Her Two Cents
The overwhelming majority of messages posted to the Brooklyn MC involve the subway and often feature people reading books, newspapers, or listening to music (pretty standard behaviors for the train, right?) But here’s a story about two people reading the same book – and what can happen when words leap off the page and into the space between them. I dare to hope this is a reasonably true tale and not one of fiction!
Missed Missed Connection
Missed Connections in Brooklyn
The train was empty except for me. You got on with two musicians and a homeless man. He started his speech, but knowing such a small audience was unlikely to be generous, he gave up after “hot meal.”
You and I shared a smile over the futility.
The train continued to the next stop and I caught your eye multiple times.
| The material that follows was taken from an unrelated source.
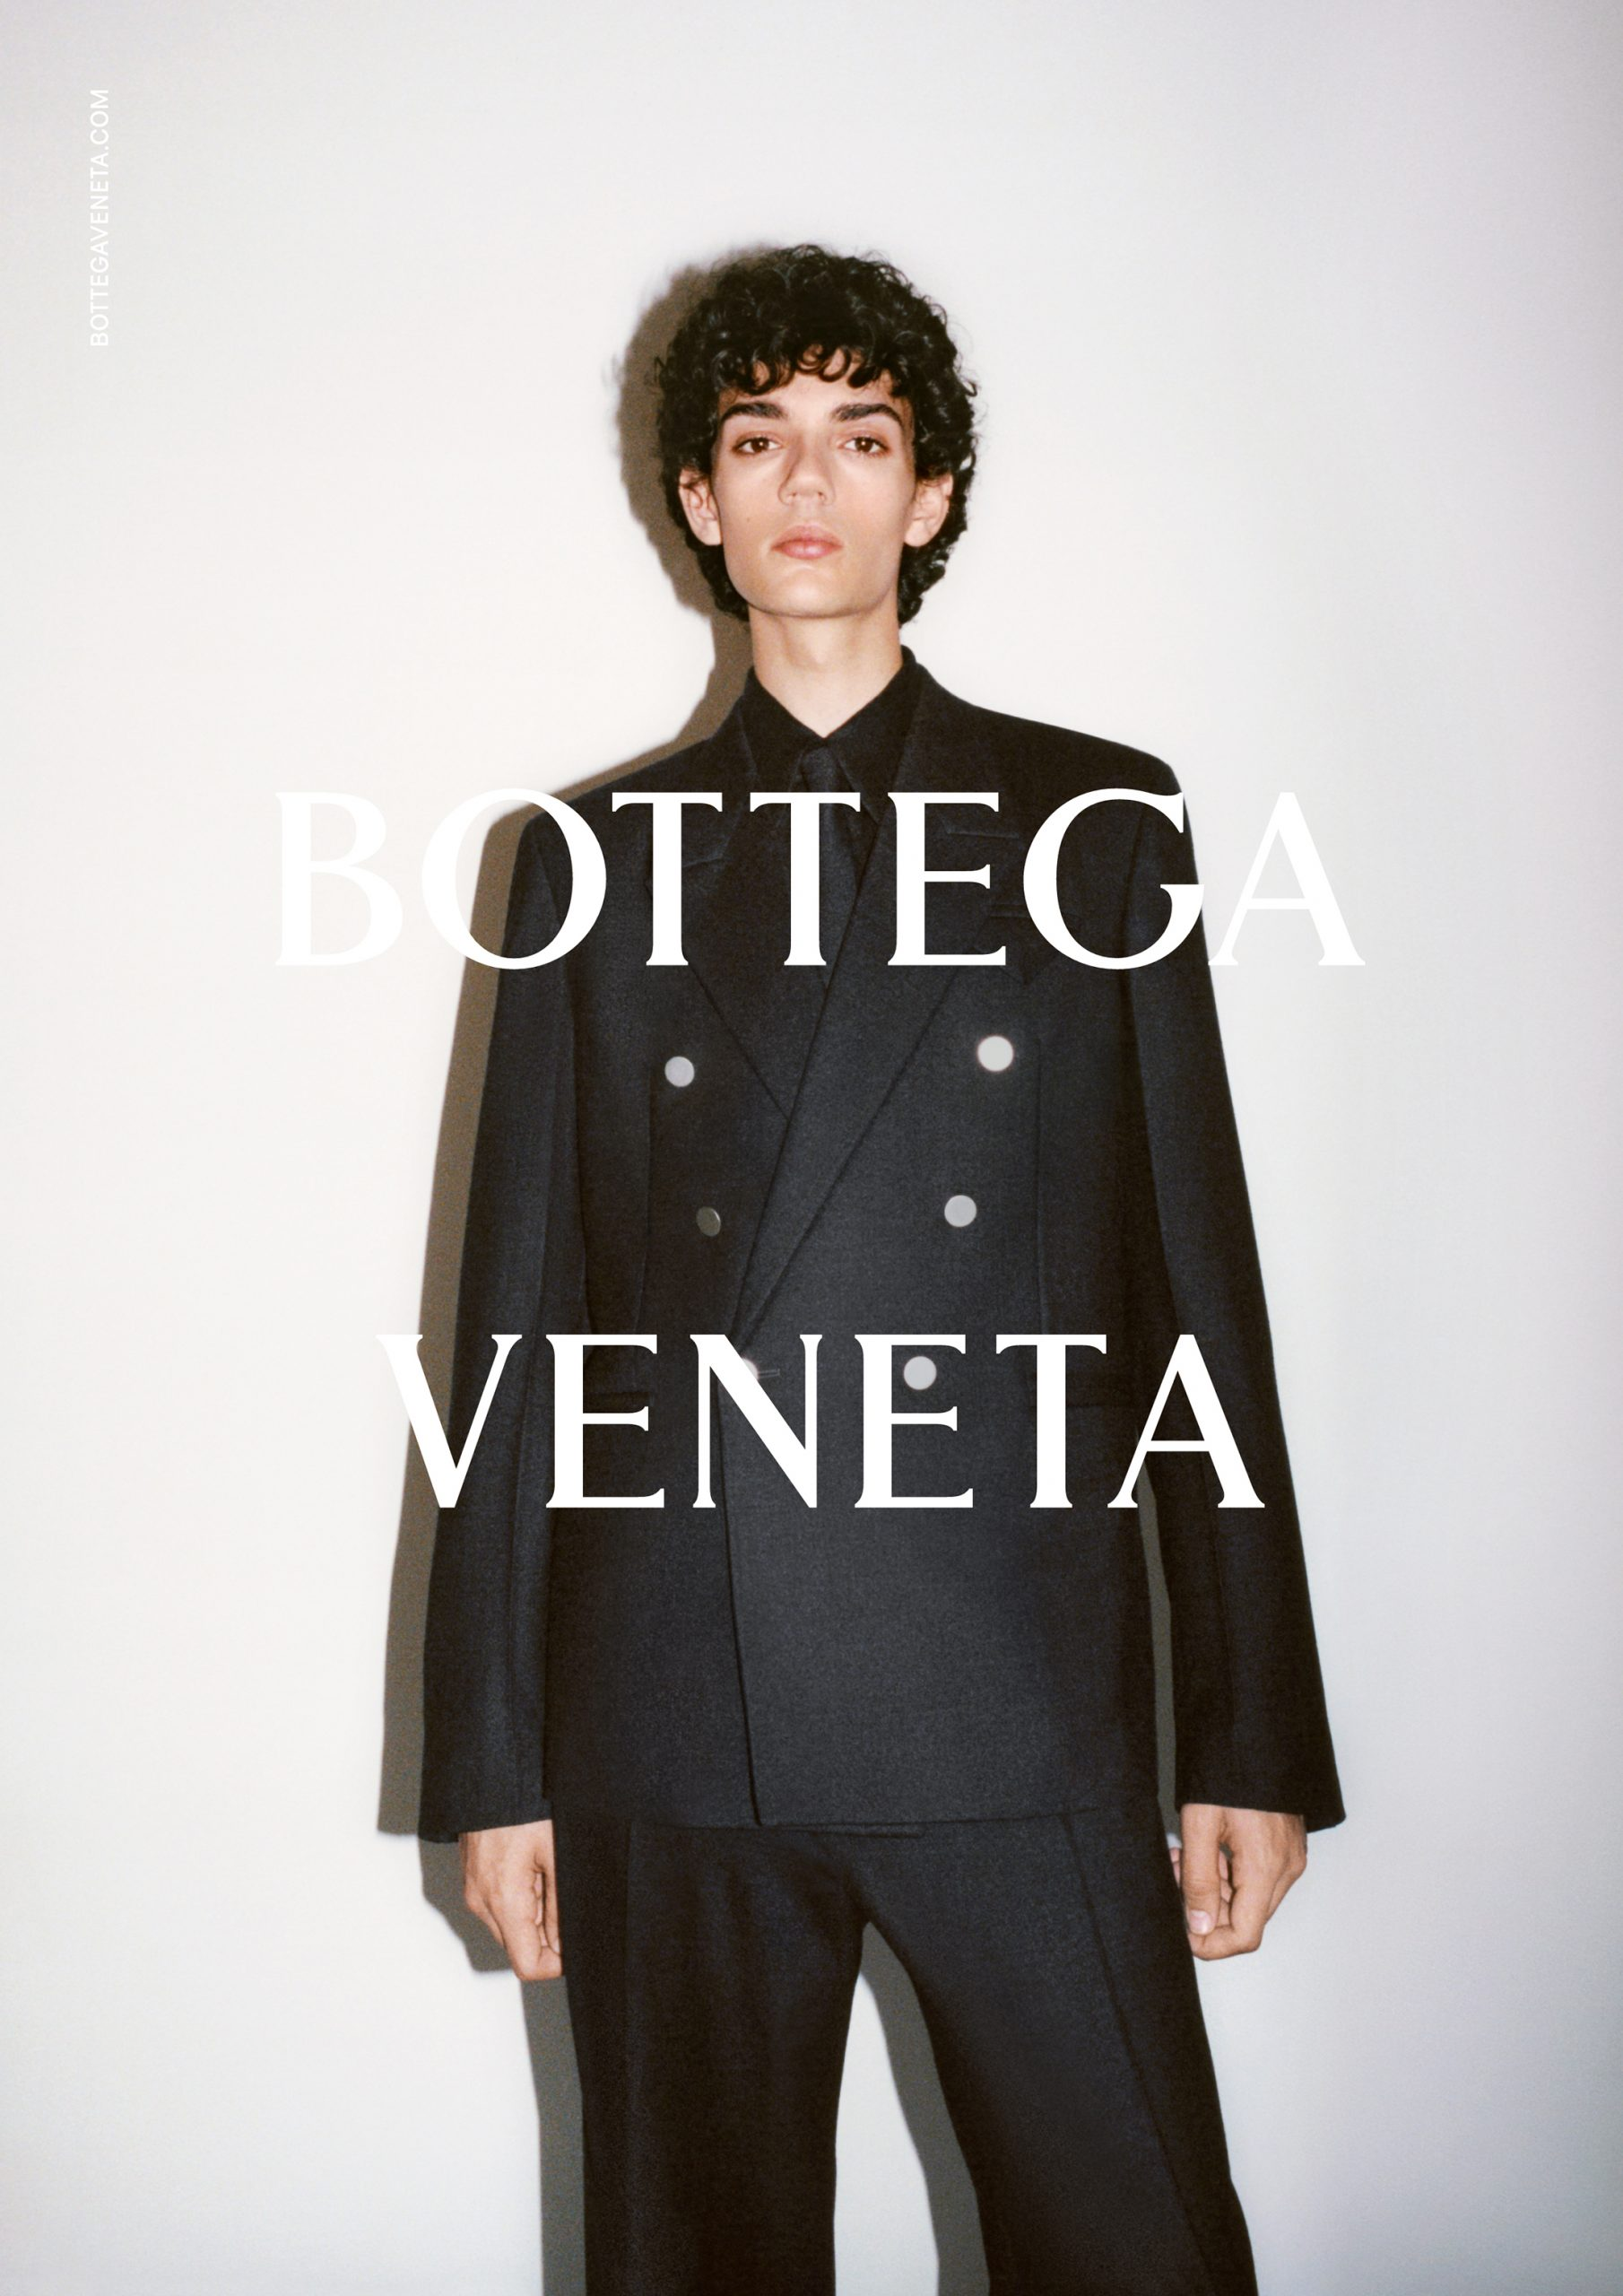 Bottega Veneta Resort 2021 Ad Campaign Photos

You caught mine too. I pulled out a book so as not to continue staring. I admit, I thought you were attractive. I had no idea what you thought of me.
You pulled out your book, too. It was the same book, but we were on different chapters. You read faster than I. I read slowly. It was always my handicap in college, but I absorbed every word. I reread the page I was on multiple times. Partly because I was thinking of what was on your page, but partly because the musician next to me was listening to rap really loudly on his iPod.
How does he think?
A couple more stops down the line, you acknowledged the coincidence in our reading material. You held up your book, and pointed. You pointed at my book, too, but that part was excessive. I got it initially. You didn’t have to do that.
I smiled and made a thumbs up. What am I even doing?
You laughed and we simultaneously realized how silly it was that we had headphones in.
“HOYT-SCHEMERHORN. STAND CLEAR OF THE CLOSING DOORS PLEASE.”
In that moment, we realized that our time wasn’t long. Any stop could be the last stop.
After rereading the last sentence of the second paragraph on the same page I’d been on for seven minutes, I looked up to see you looking at me. It wasn’t a coincidence. You closed your book and moved across the train a little clumsily and took the seat to my left as I closed mine. I was charmed already. The train was far from empty, now, but the seat to my left had always belonged to you.
Everyone who got on knew it.
And suddenly, you spoke. Real words.
“How are you liking the book?”
Predictable, yes, but I didn’t need anything groundbreaking. Just something.
We talked until the train reached its last stop. We got off, hand in hand, knowing most everything about each other and quietly acknowledging that only this could happen here. We crossed the platform to the downtown side. We got on and rode back to familiar territory.
We spent the next three hours laughing over coffee and a shared piece of cheesecake at our favorite place that happened to be the same place. You laughed at my sweet tooth, and I laughed at how much milk and sugar you dumped in your coffee.
In that moment, it was hard to imagine anything without you.
We spent the next three days together. I called in sick from work and you did the same. You’re across from me as I write this. I’ve finished my oatmeal cookie and you’re still nursing your glass of milk with coffee. You looked up to see what I was laughing at, but you didn’t know I was laughing at you.
I’m glad you’re here, so thanks for fucking saying something and not just writing it on the internet in a place I clearly never look. You know?